Activity:
Would you write out the full listing exactly, without any pictures?

Data shown:
'''

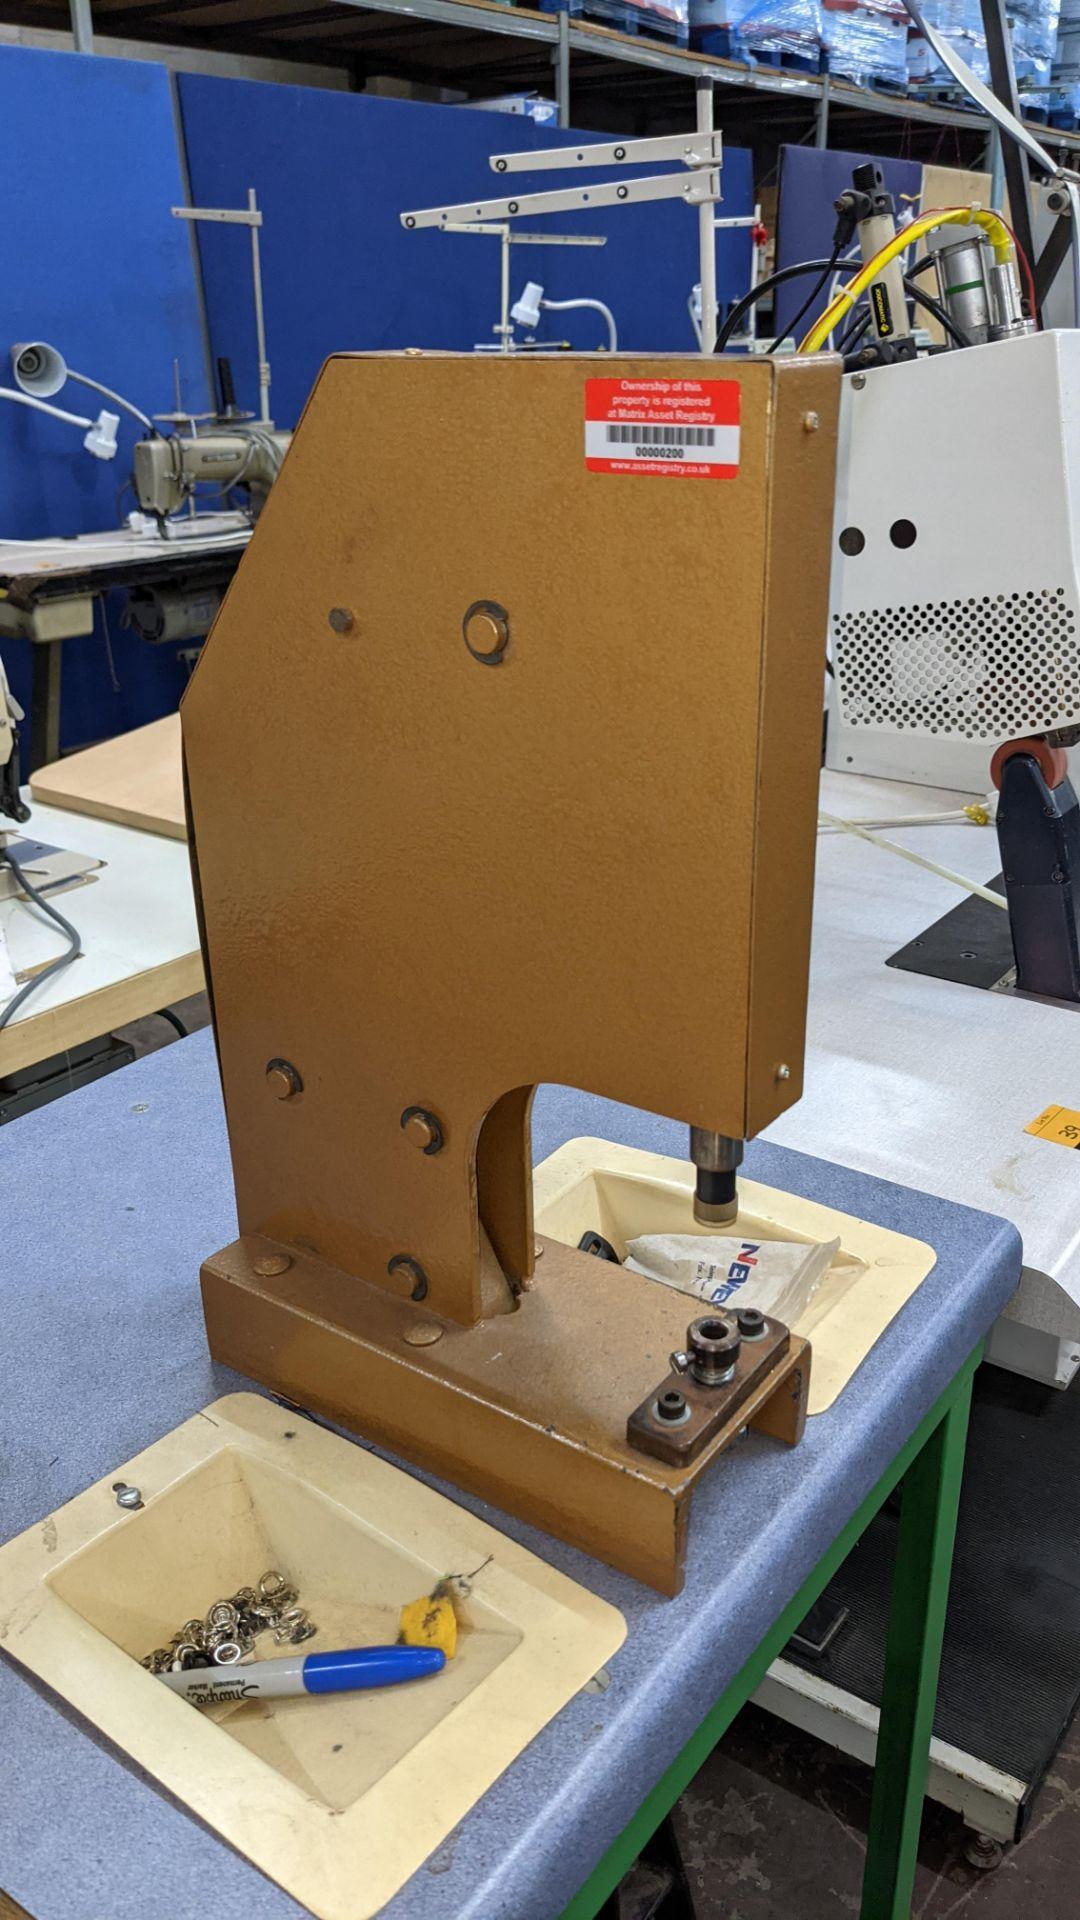 Foot operated riveting machine/press stud machine - Image 7 of 8
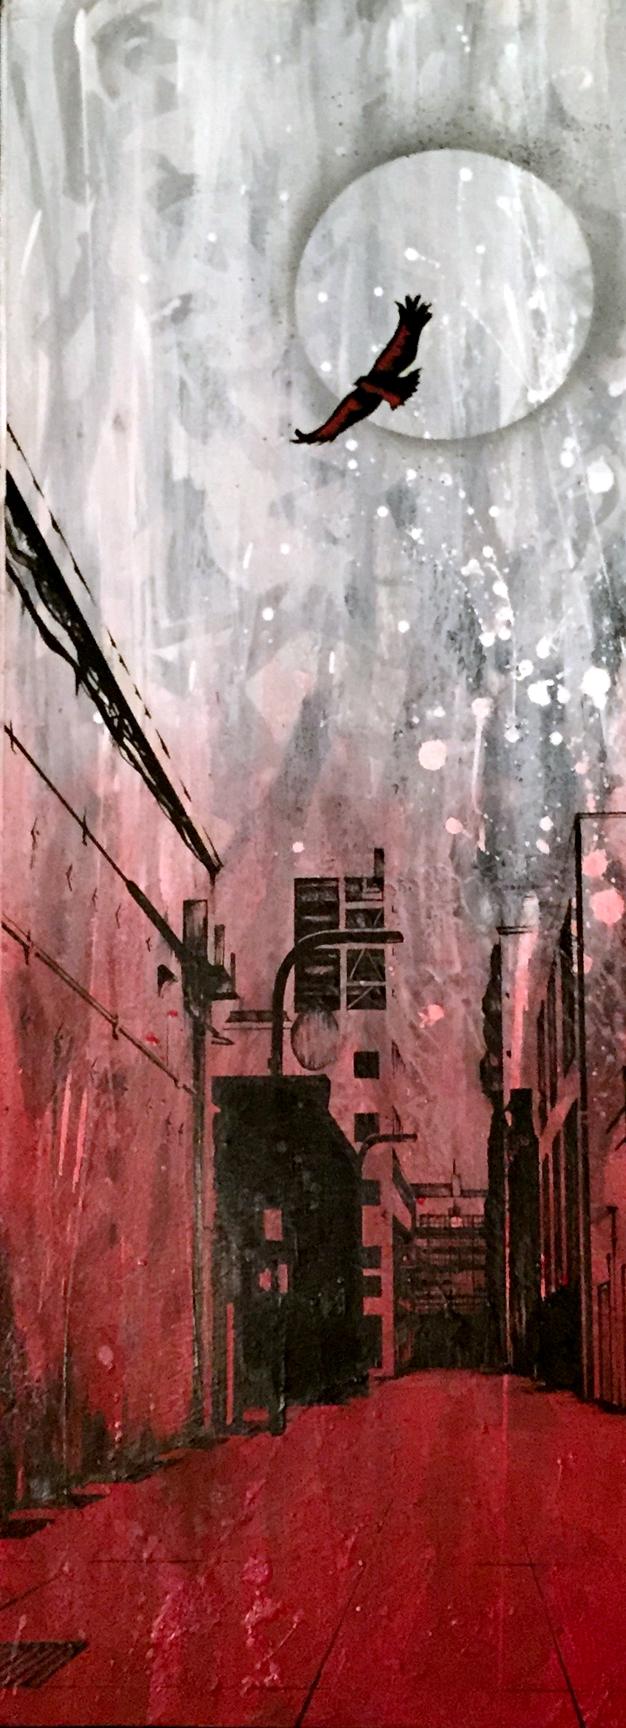 Falcon Alley.jpg
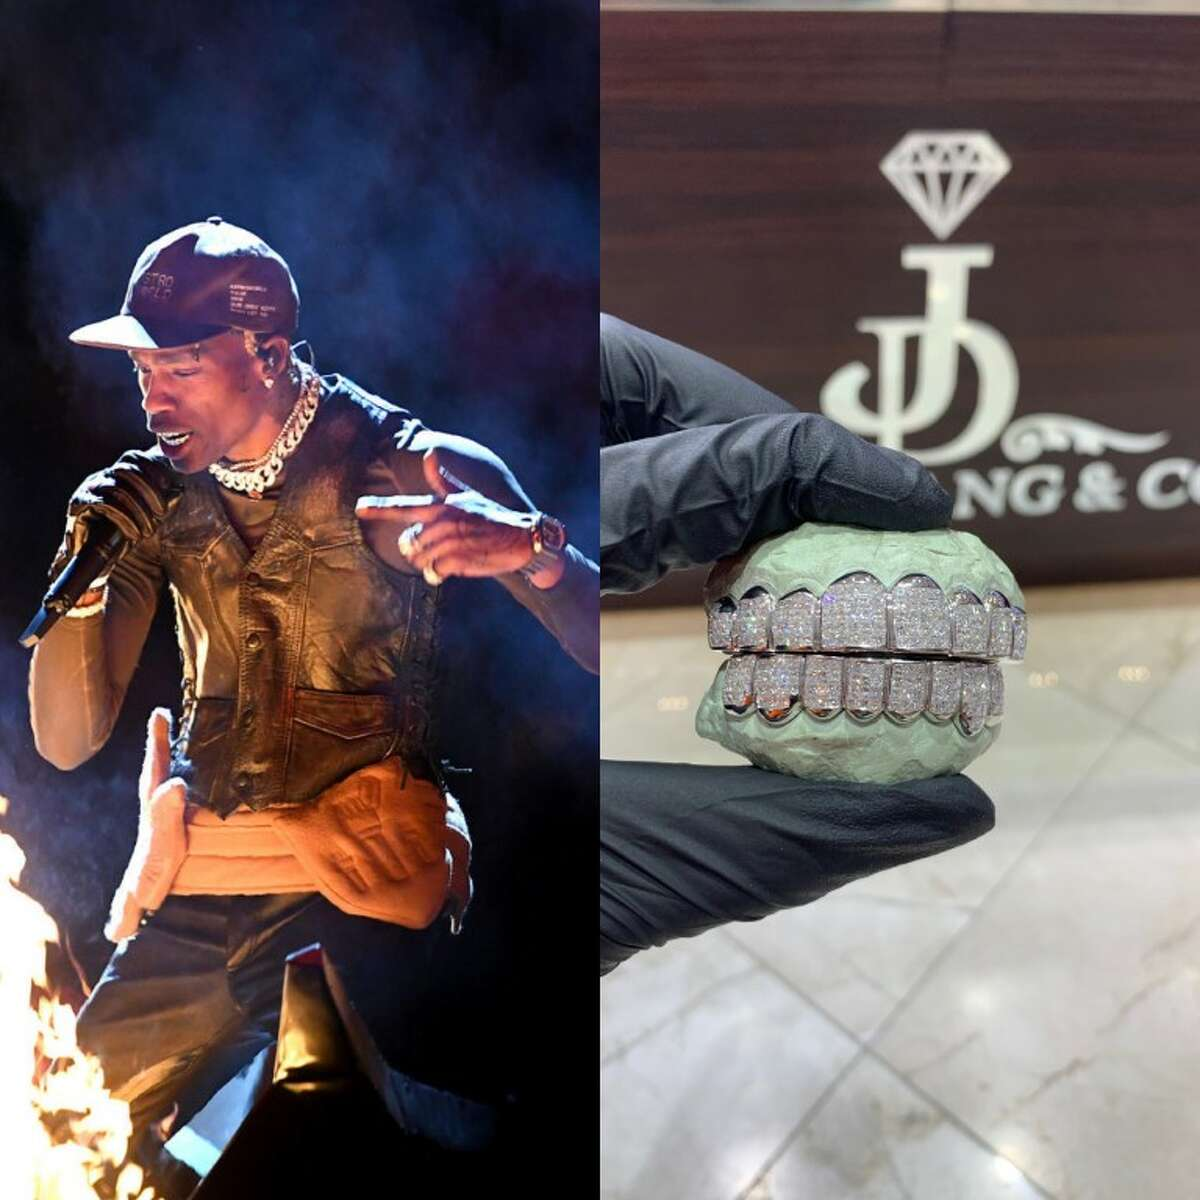 Houston rapper Travis Scott owns five grill sets by Dang.

'''

Exercise output:
 Foot operated riveting machine/press stud machine - Image 7 of 8
 Falcon Alley.jpg
 Houston rapper Travis Scott owns five grill sets by Dang.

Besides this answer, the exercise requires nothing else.